Abstract. The semiarid northeast of Brazil is one of the most densely populated dryland
regions in the world and recurrently affected by severe droughts. Thus,
reliable seasonal forecasts of streamflow and reservoir storage are of high
value for water managers. Such forecasts can be generated by applying either
hydrological models representing underlying processes or statistical
relationships exploiting correlations among meteorological and hydrological
variables. This work evaluates and compares the performances of seasonal
reservoir storage forecasts derived by a process-based hydrological model and
a statistical approach.
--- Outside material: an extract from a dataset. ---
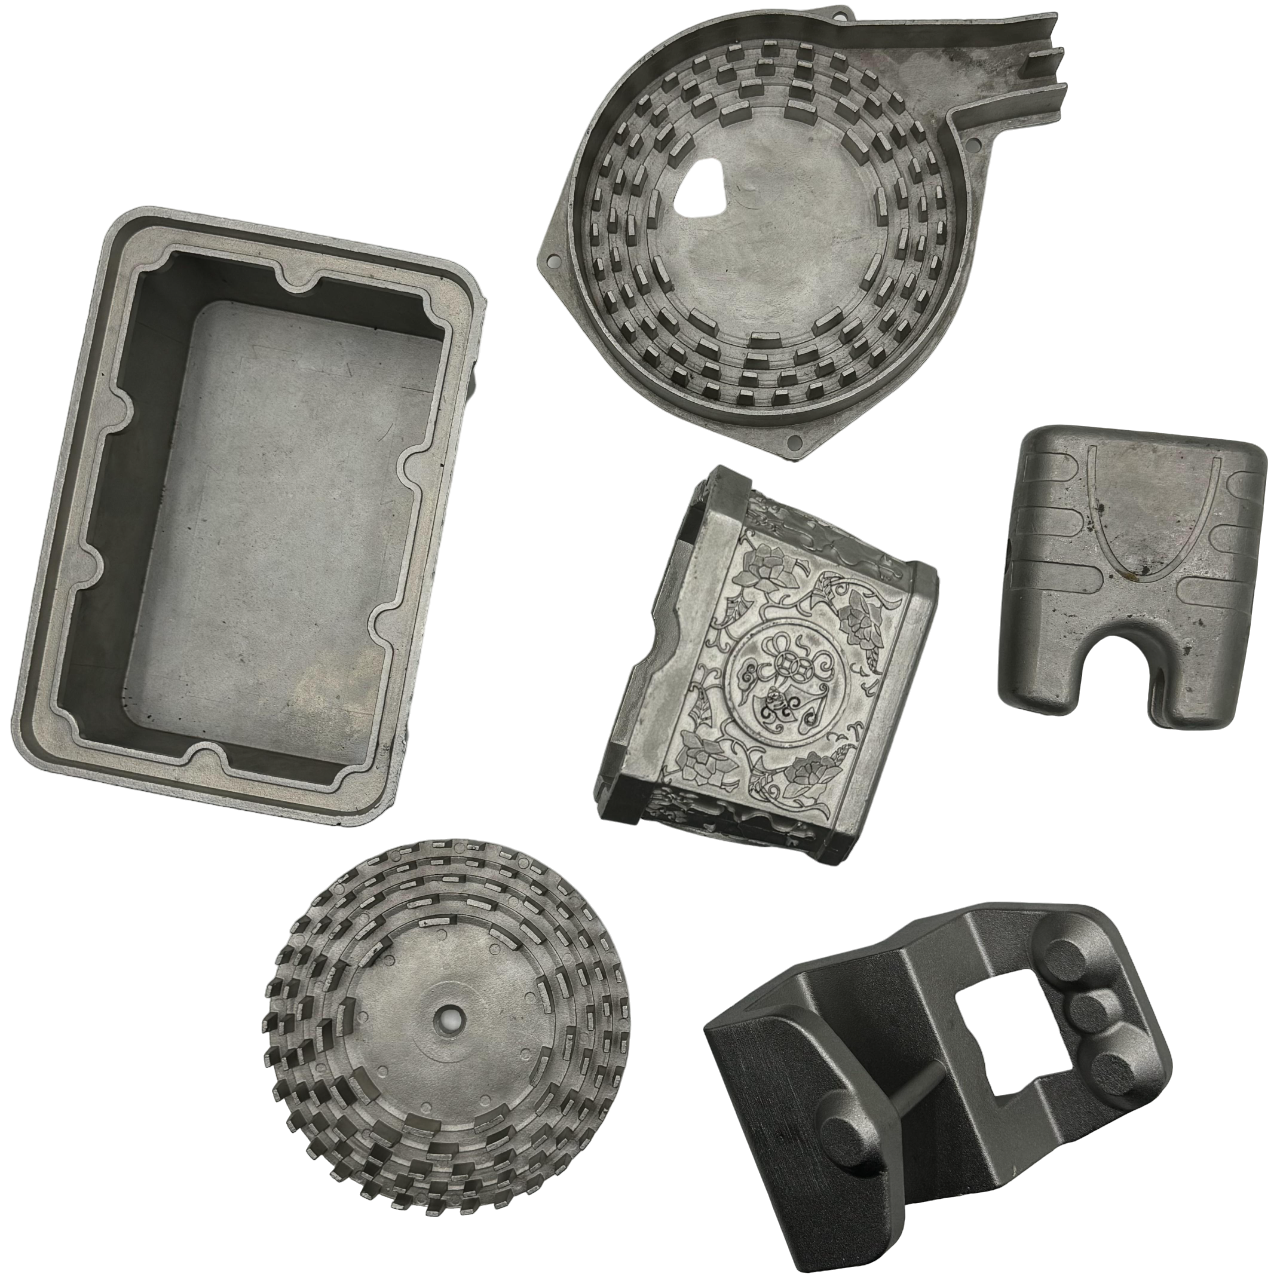 Stainless Steel Precision Casting Services Foundry Factory Silica Sol Parts
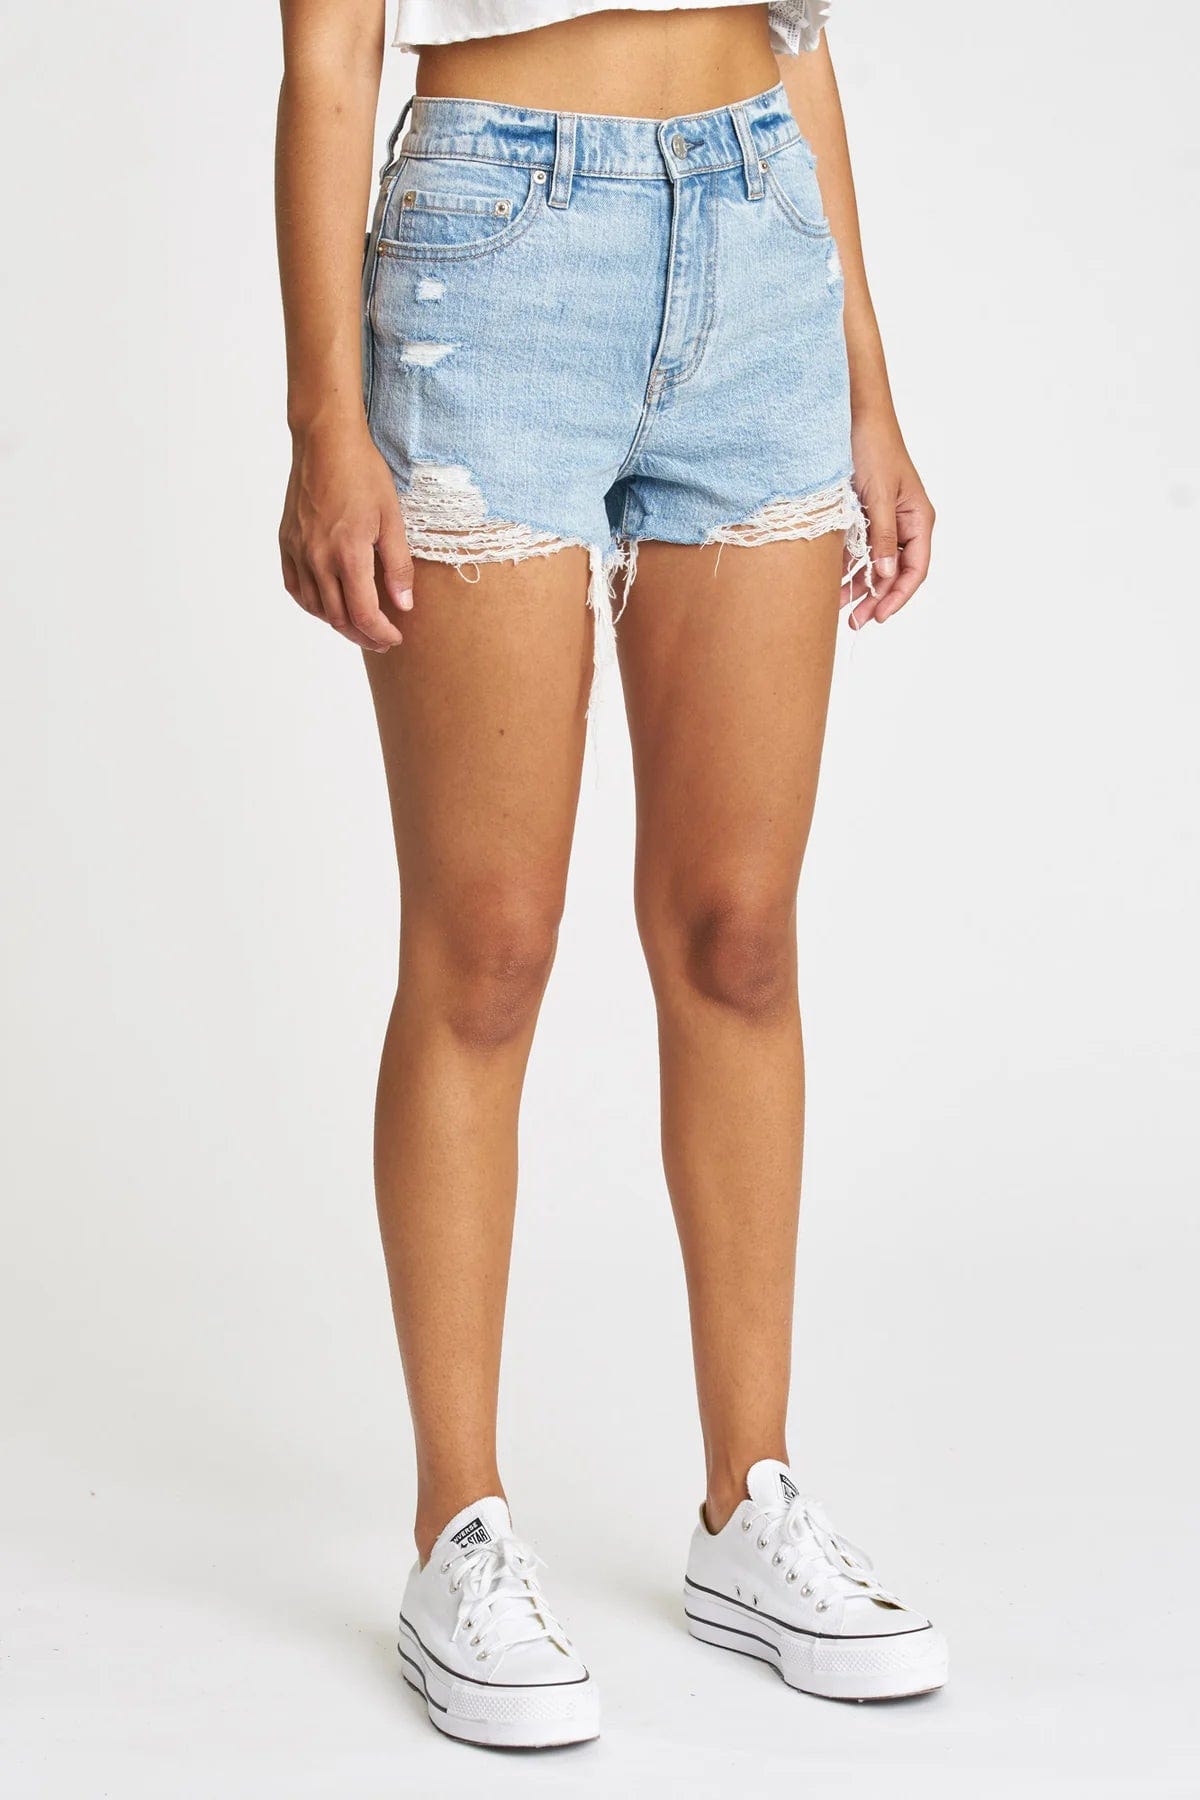 DAZE Troublemaker High Rise Denim Short in Just Kissed - Shorts - Blooming Daily

Driven by observations, both models achieve similar simulation accuracies. In
a hindcast experiment, however, the accuracy of estimating regional reservoir
storages was considerably lower using the process-based hydrological model,
whereas the resolution and reliability of drought event predictions were
similar by both approaches. Further investigations regarding the deficiencies
of the process-based model revealed a significant influence of antecedent
wetness conditions and a higher sensitivity of model prediction performance
to rainfall forecast quality. Within the scope of this study, the statistical model proved to be the more
straightforward approach for predictions of reservoir level and drought
events at regionally and monthly aggregated scales. However, for forecasts at
finer scales of space and time or for the investigation of underlying
processes, the costly initialisation and application of a process-based model
can be worthwhile. Furthermore, the application of innovative data products,
such as remote sensing data, and operational model correction methods, like
data assimilation, may allow for an enhanced exploitation of the advanced
capabilities of process-based hydrological models.